3 Things I Loved, June 2026
Since I have this space, I want to keep a record of the things I loved each month. It can be a book, a movie, a song, an album, a manga series, something I saw on TV, or heard, a new recipe I tried, a dish I ate, or even a material object. Why? Because it’s fun to talk and read about beloved things!
So, in June 2026, I got really into:
1. The Archives of Trevosa
This is a great little browser-based deduction game that turned out to be a very enjoyable way to pass two hours or less. The premise is simple. You are presented with a stack of documents from the archives of a fictional fantasy world and given the task to fill in a royal family tree. You do this by scouring the documents for context, translating cultural terms, working out the language rules, and deducing identities and relationships.
Piecing this puzzle together reminded me of the tough first chapters of a new fantasy novel as you try to adapt to the new fantasy vernacular, and the narrative deduction takes inspiration from another great game in the genre. This familiarity and the ease with which it drew me into the task was soothing, and I was charmed by the game’s simplicity: a story that doesn’t try to do too much and a deductive mechanic that doesn’t overstay its welcome.
2. Sea of Tranquility and The Glass Hotel, Emily St John-Mandel
Having read Station Eleven some years ago, I knew that Emily St John-Mandel’s prose is the sort I find reliably beautiful and would always make for poignant reading. But because the synopsis for The Glass Hotel (Ponzi schemes and container ships?) did not seem immediately engaging, I put it aside for Sea of Tranquility, which, according to the synopsis, is about “art, time travel, love, and plague”. Isn’t that enticing? As expected, it was lovely and ambitious and moving, and convinced me enough to pick up The Glass Hotel almost right as soon as I turned the last page.

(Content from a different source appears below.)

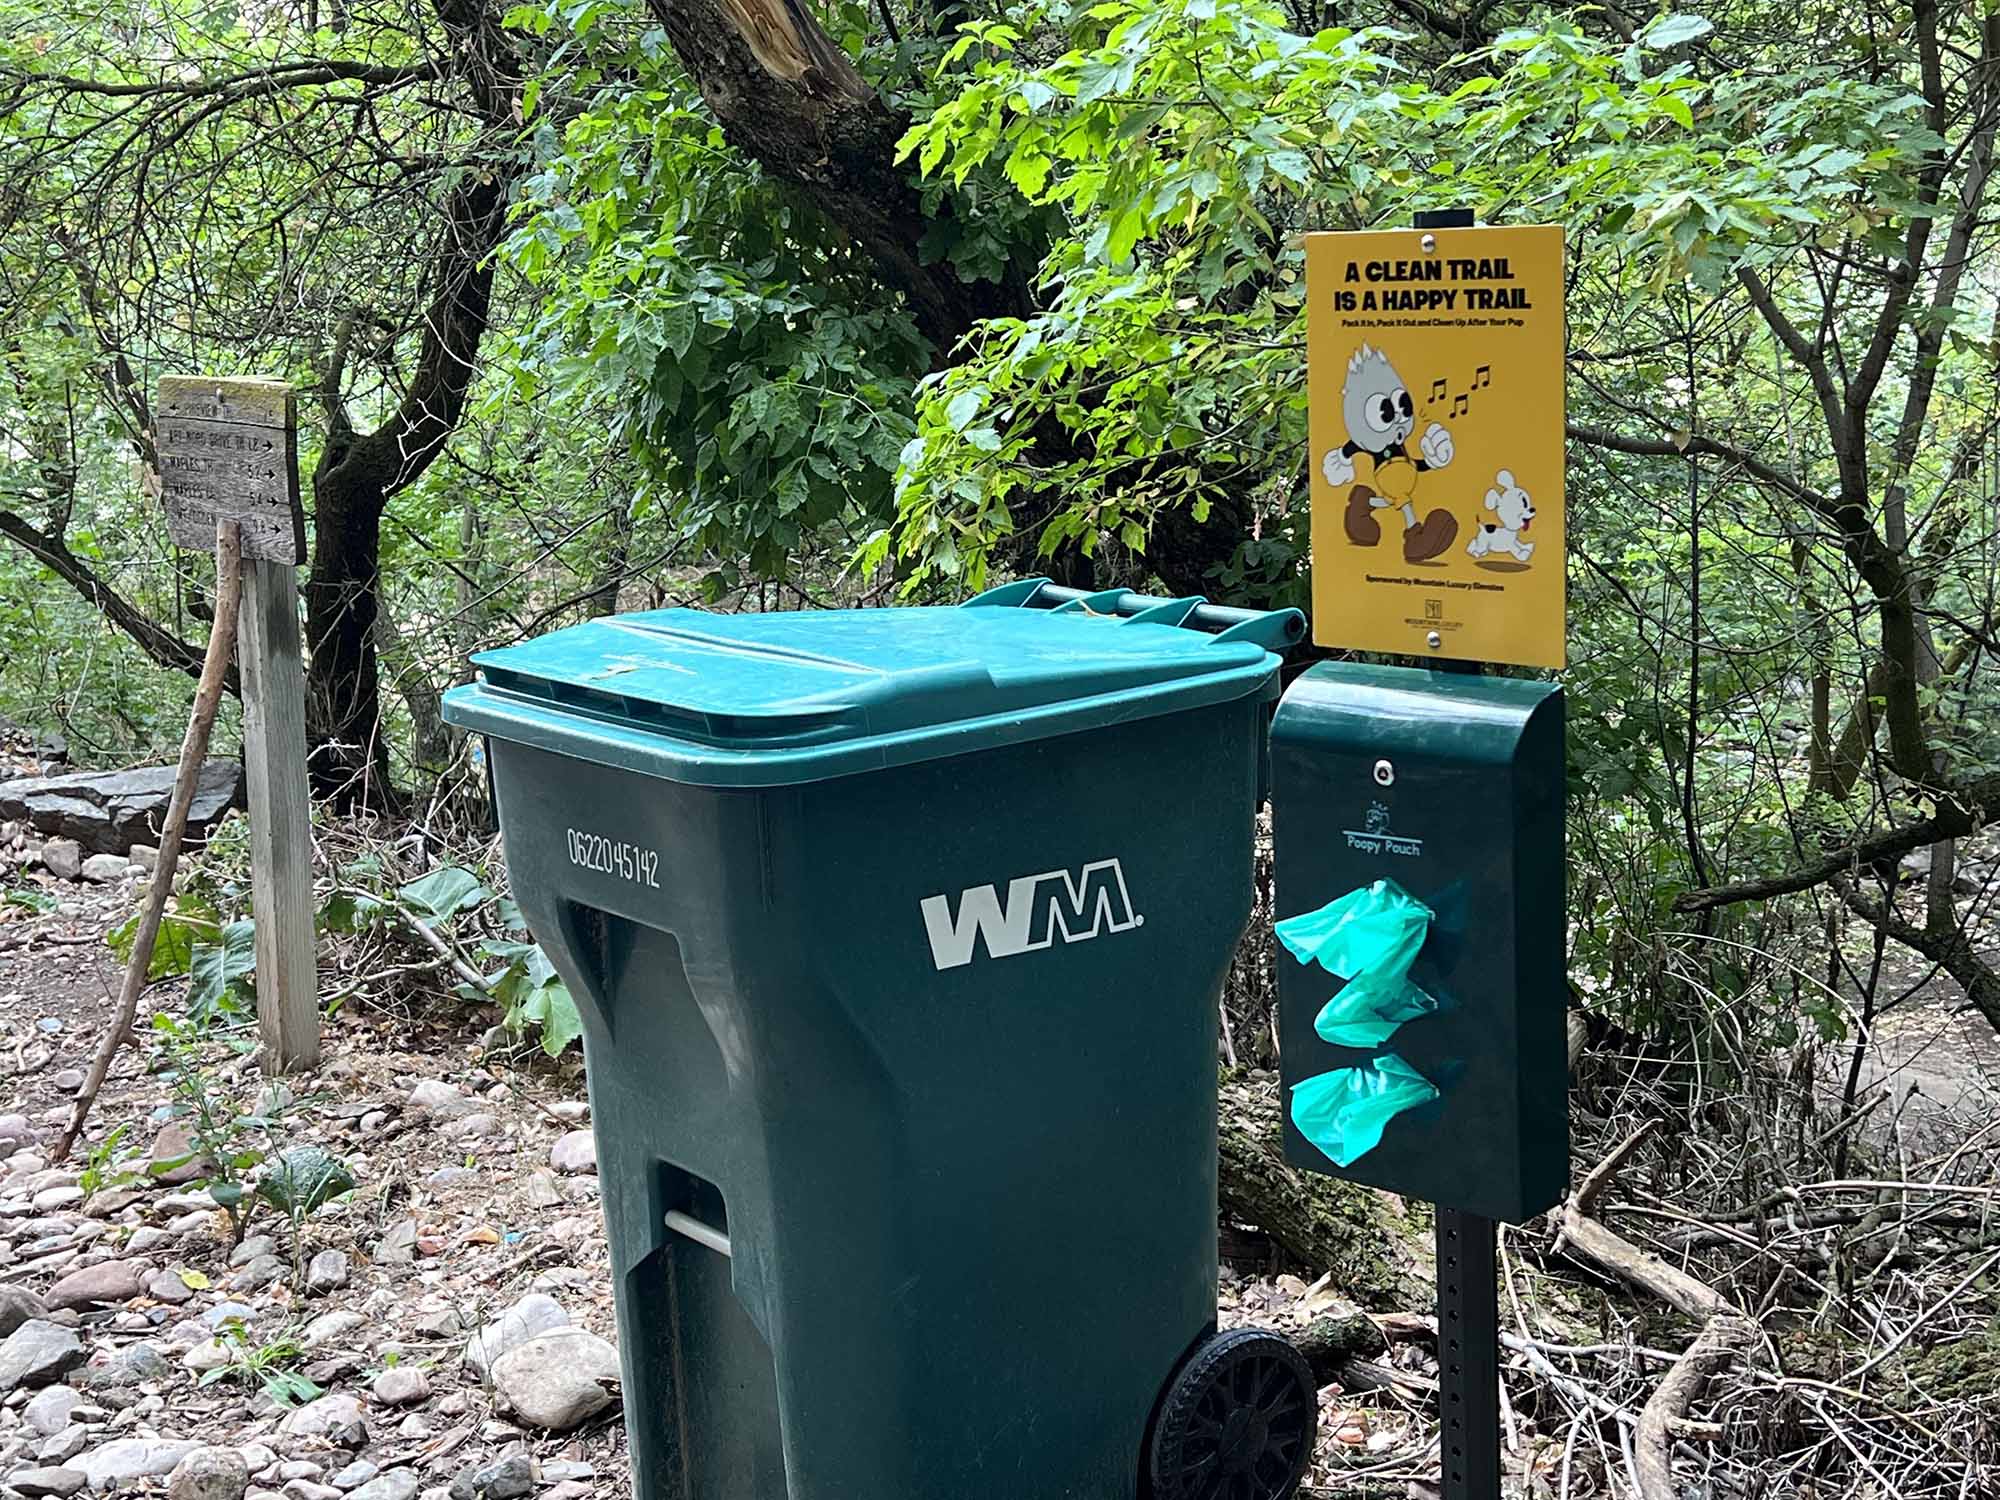 The trash can and sign at Wheelers Creek Trailhead.

Well, joke’s on me, because it turns out the two novels are linked, with The Glass Hotel serving as a prequel of sorts to Sea of Tranquility. Reading them out of publication and chronological order was fascinating— A character that was just an off-mention in Sea of Tranquility turns out to be a main viewpoint character The Glass Hotel. An event that devastated that character’s life in The Glass Hotel is just an incidental event in the sequel, and vice versa. You know from the first page how everything is going to turn out, yet this doesn’t detract from the experience at all. Instead, it’s a different but just as delectable kind of tension; the pleasure that comes from being bestowed a different perspective.
3. Interview with the Vampire Season 3
Speaking of things experienced out of order… I cannot not speak of the latest season of Interview with the Vampire which began airing this month.
It is driving me insane.
How much can you rewrite history? How much can you really retell your own story? Is memory mere performance? How (un)reliable are our own memories, and is this by choice? How true are the stories we tell? Whose story is the right one? Can such a thing even exist? All these issues are portrayed wonderfully on screen, reminiscent of how Kazuo Ishiguro’s Remains of the Day did it on the page.
The previous two seasons of Interview with the Vampire have been magnificent feats of acting and storytelling, both marked by narrative twists of such immense and daring scale, I still can’t believe I got to watch it happen. I suppose it’s only to be expected from a show that deals with personal narrative and repressed memories, and all the necessary filters and lies of omission and editorialising that arise from relaying your autobiography to a third party.
But trust me, by the end of each season, you’ll be clawing at your face to rewatch every episode that came before, because so severely do these reveals turn things on their head and recast everything you have previously been shown in a whole new ghastly light— as hindsight does, as life often does. It is just so impressive how the show pulls it off, and not out of nowhere. Everything has been right under your nose all this time. Everything has been deliberate. You can watch everything all over again and you will find that the signs really were there, all this time.
And at the moment, the third season appears to be in the midst of once again executing yet another mind-boggling twist, the implications of which would be truly wild, adding insane layers of pain and depth and heartbreaking romanticism to the narratives we have already been presented with. I am beyond interested to see how it pans out, how it alters the past we think we know, and how they’ve covered it up all this time. Sundays cannot come fast enough!